**Task**
Your job is to retype all of the data word for word, leaving every image out.

**Given data**
--

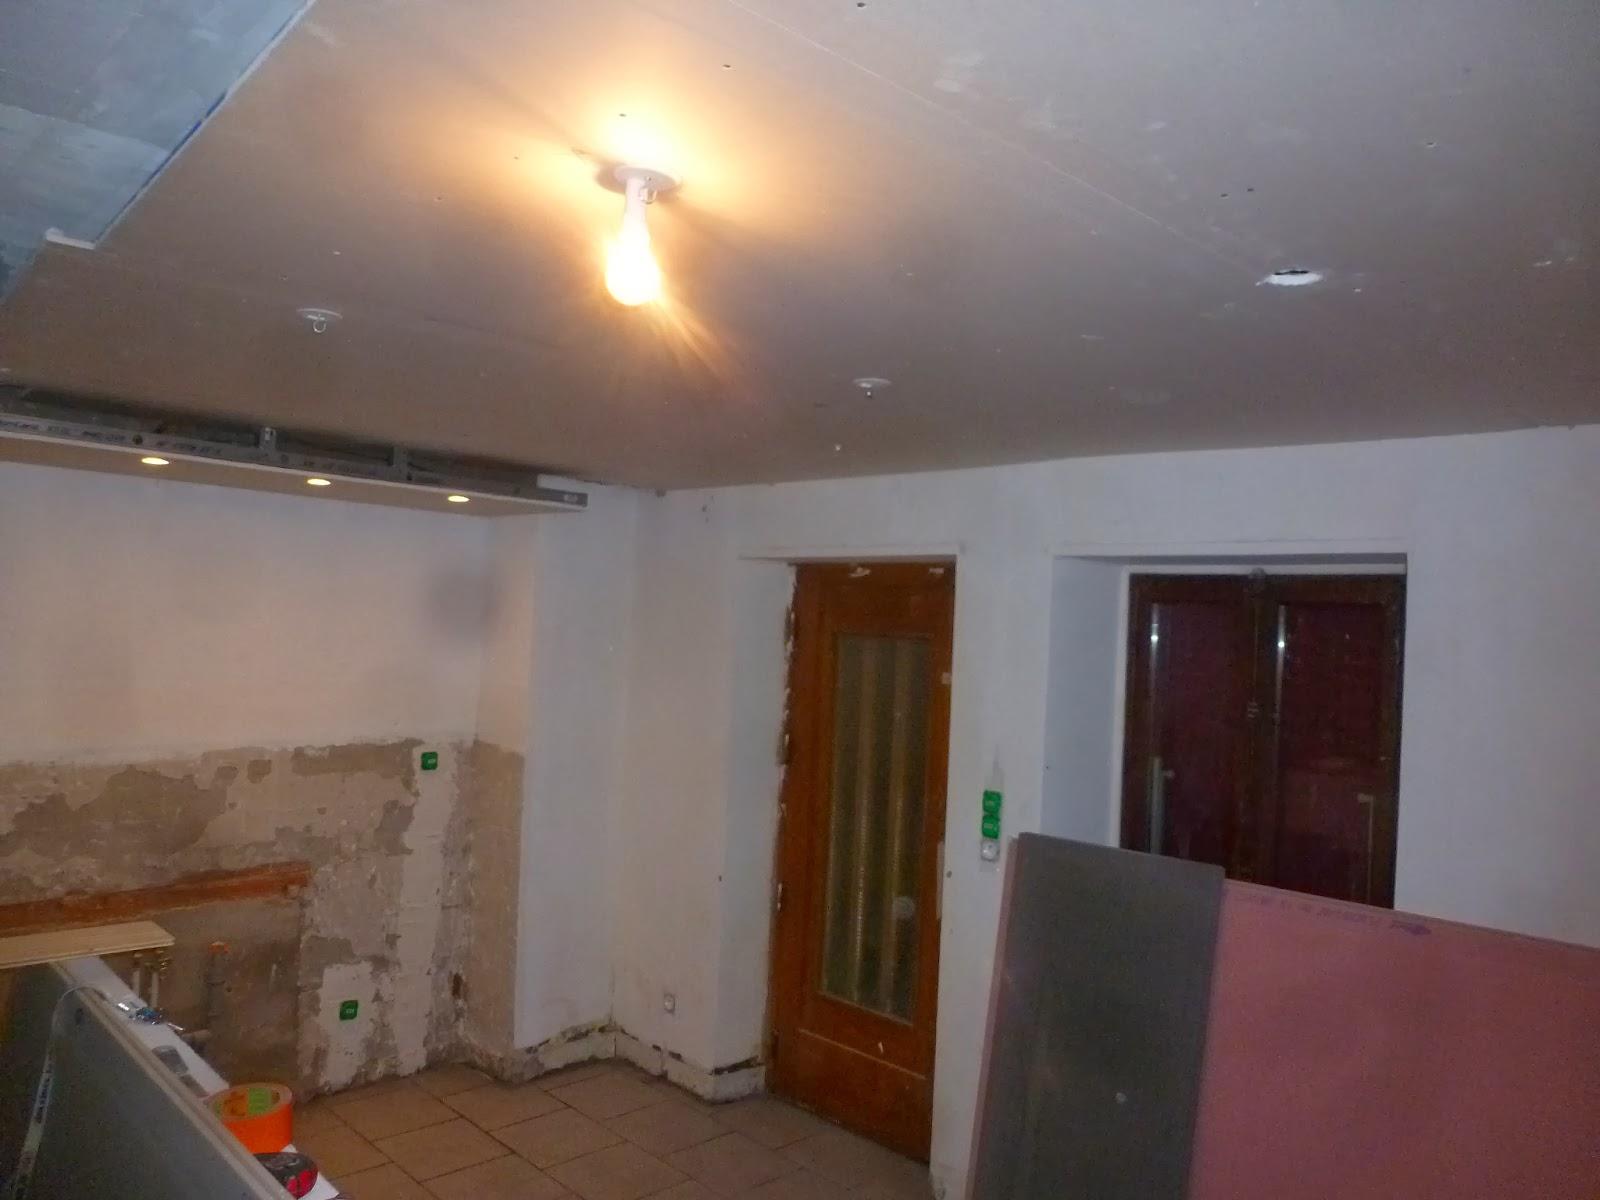 Excellent et transforme cette pice en une vrai future - Faux plafond cuisine ouverte ...
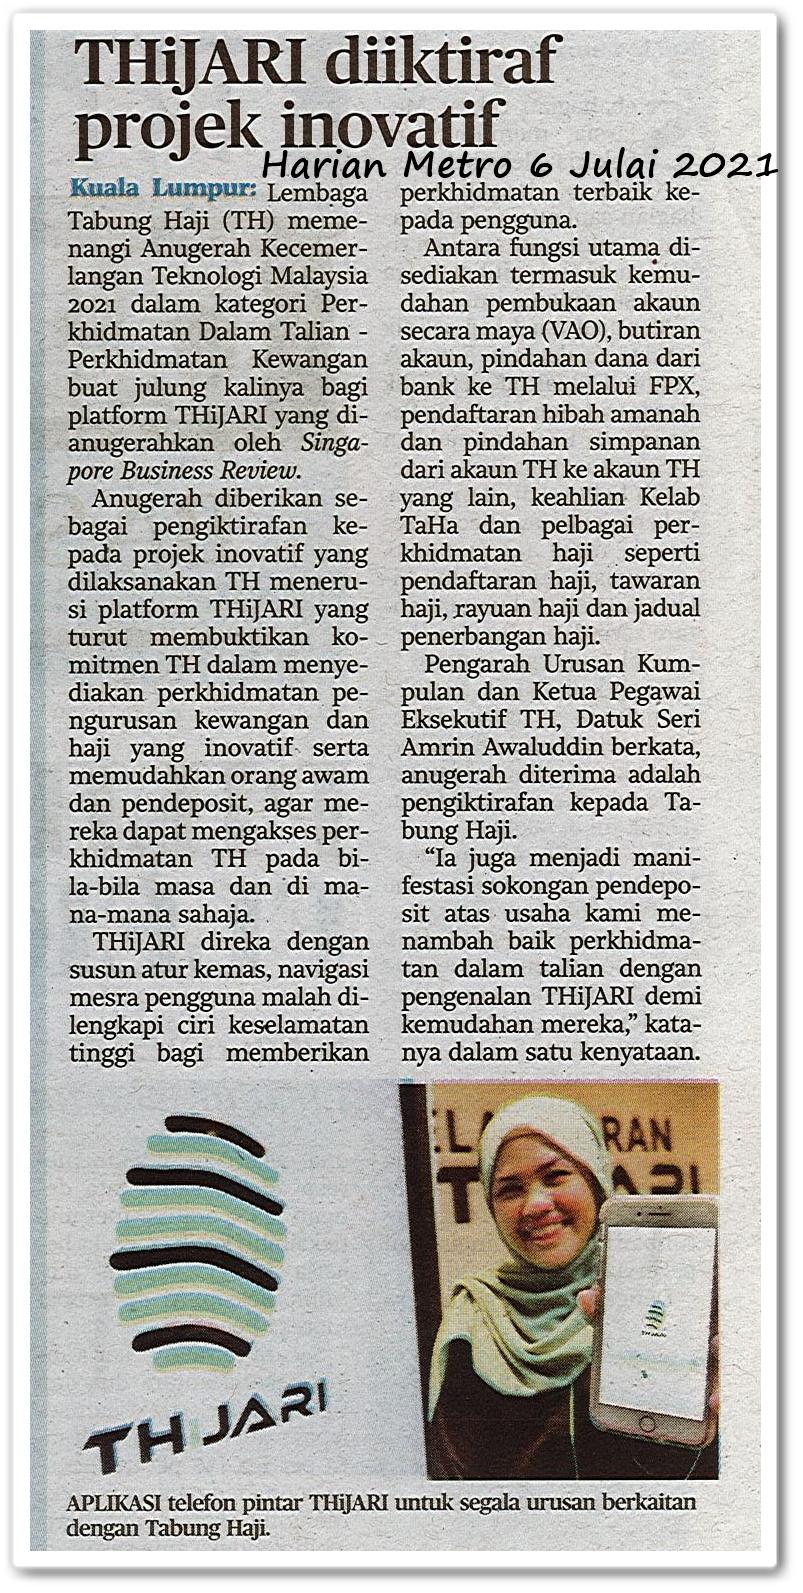 THiJARI diiktiraf projek inovatif - Keratan akhbar Harian Metro 6 Julai 2021
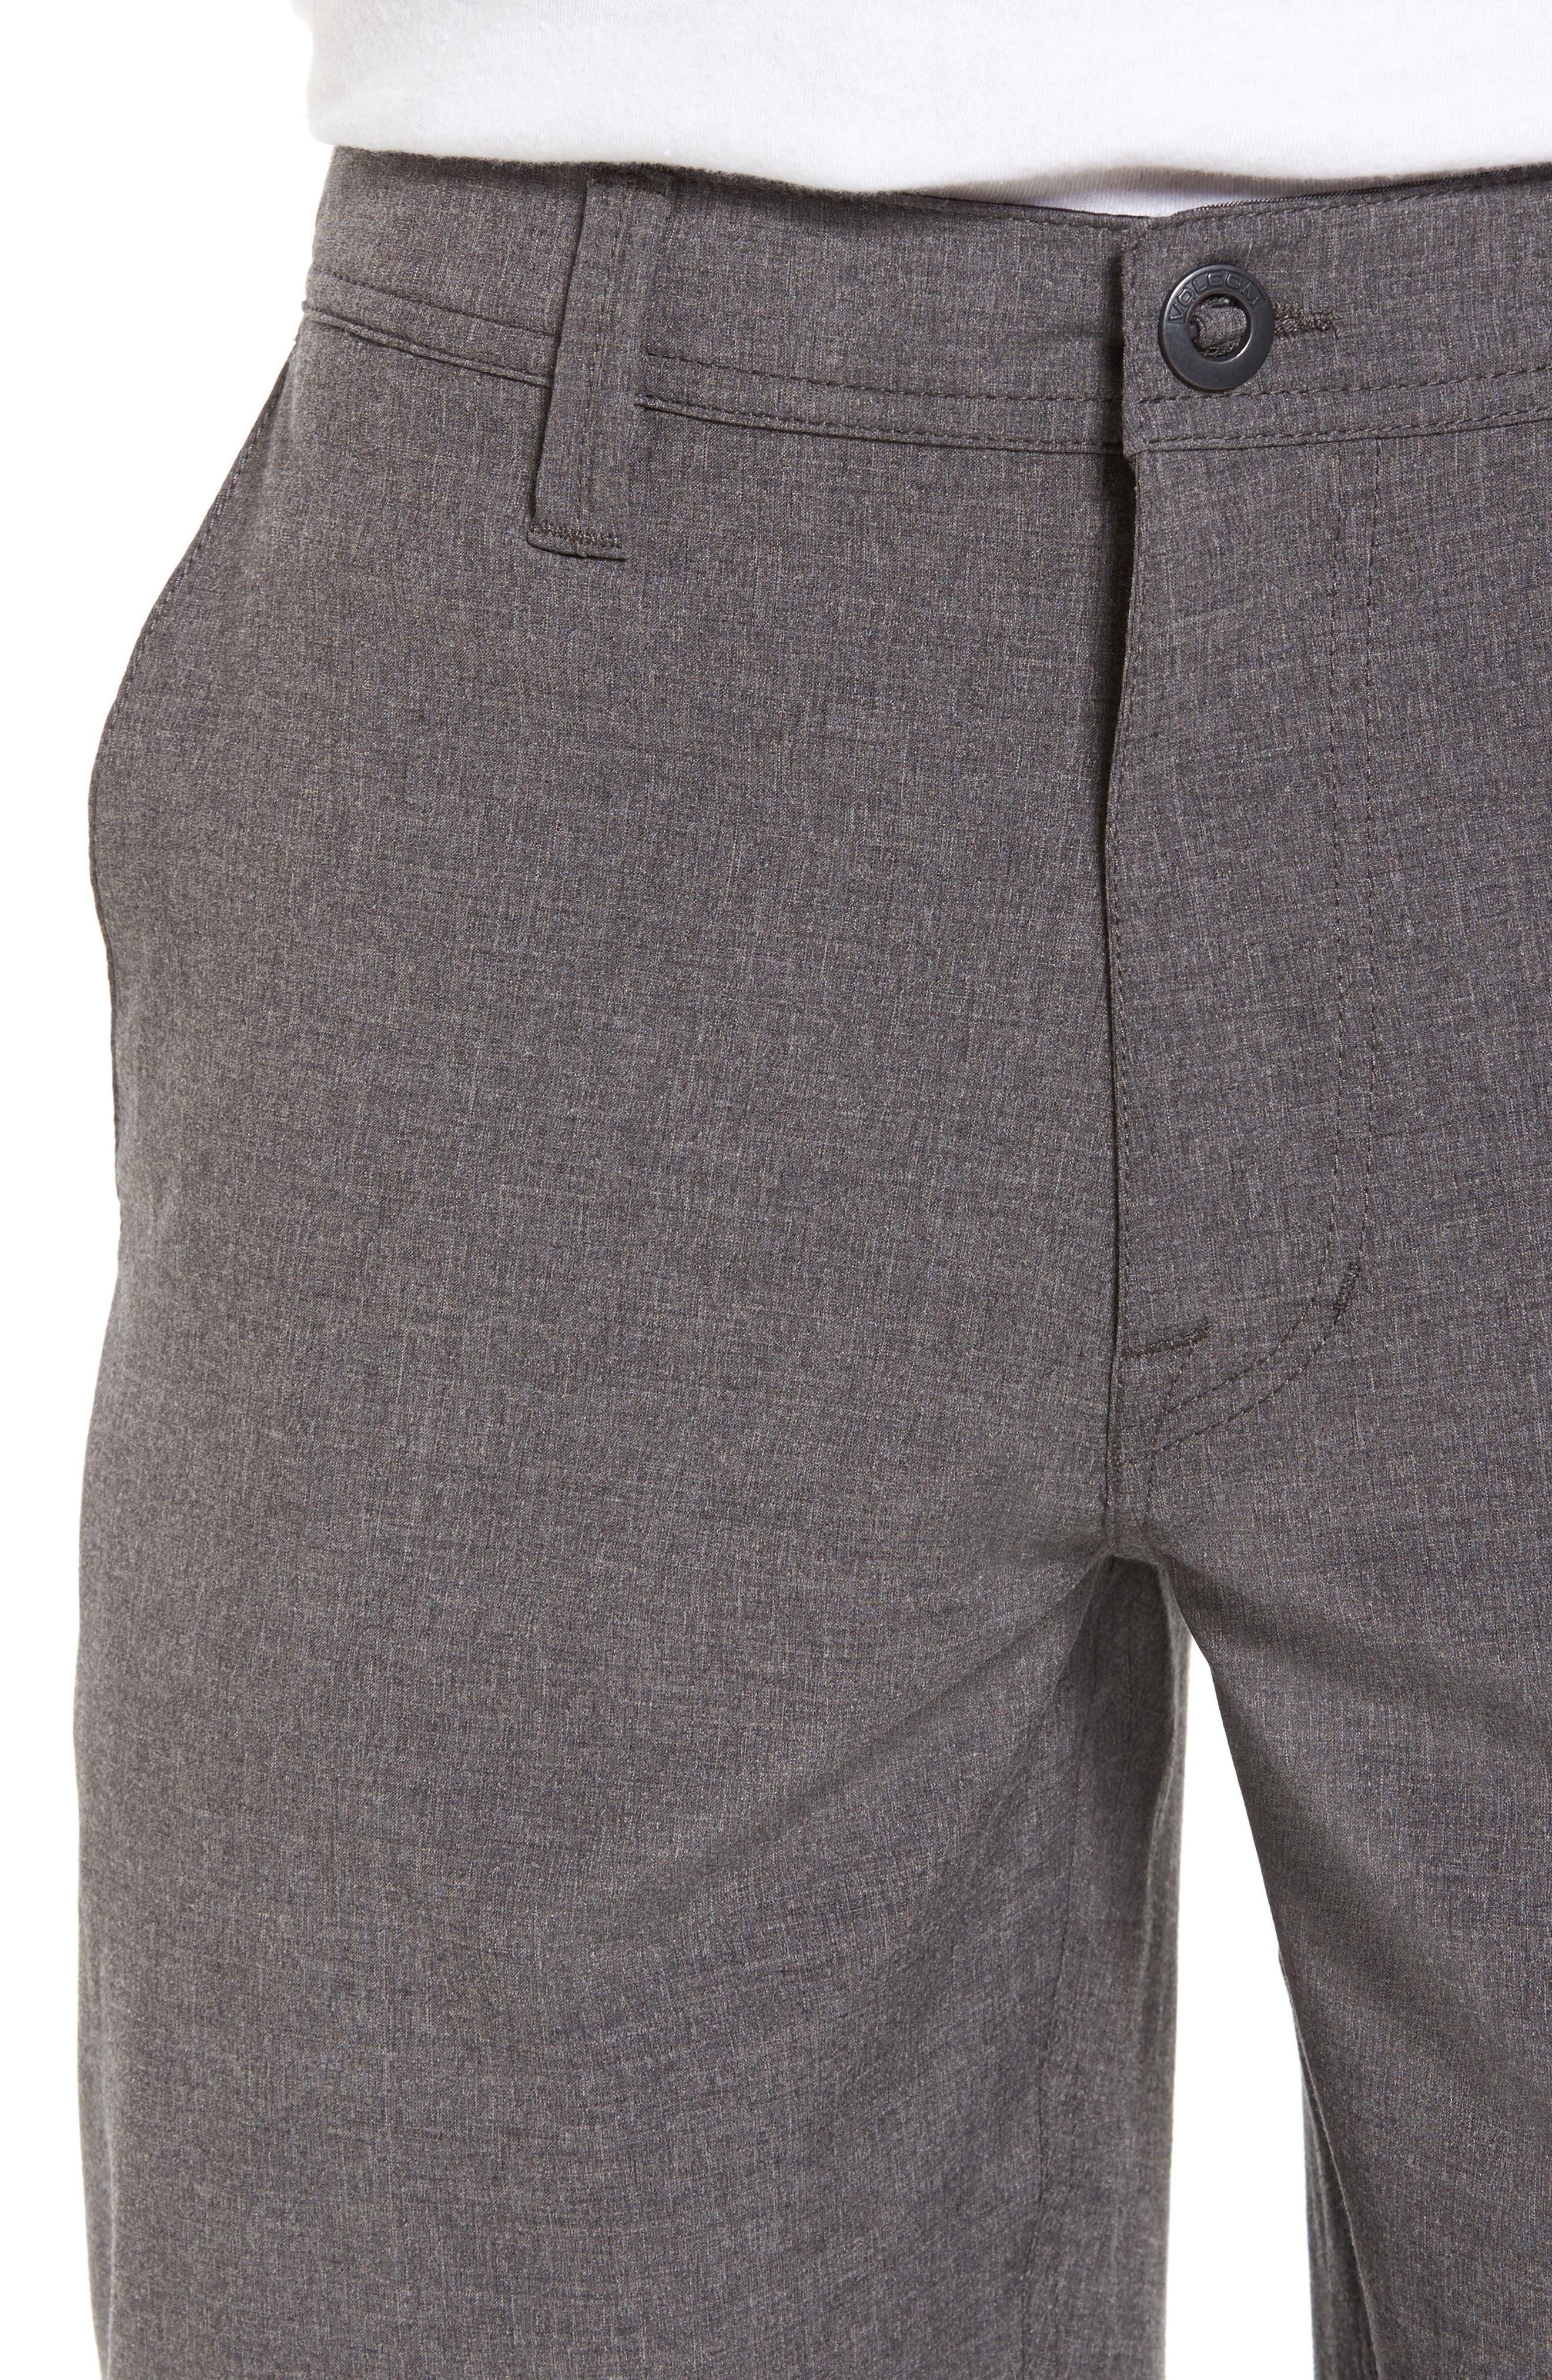 Alternate Image 4  - Volcom Hybrid Shorts

--

**Answer for this exercise**
 Excellent et transforme cette pice en une vrai future - Faux plafond cuisine ouverte ...
 THiJARI diiktiraf projek inovatif - Keratan akhbar Harian Metro 6 Julai 2021
 Alternate Image 4  - Volcom Hybrid Shorts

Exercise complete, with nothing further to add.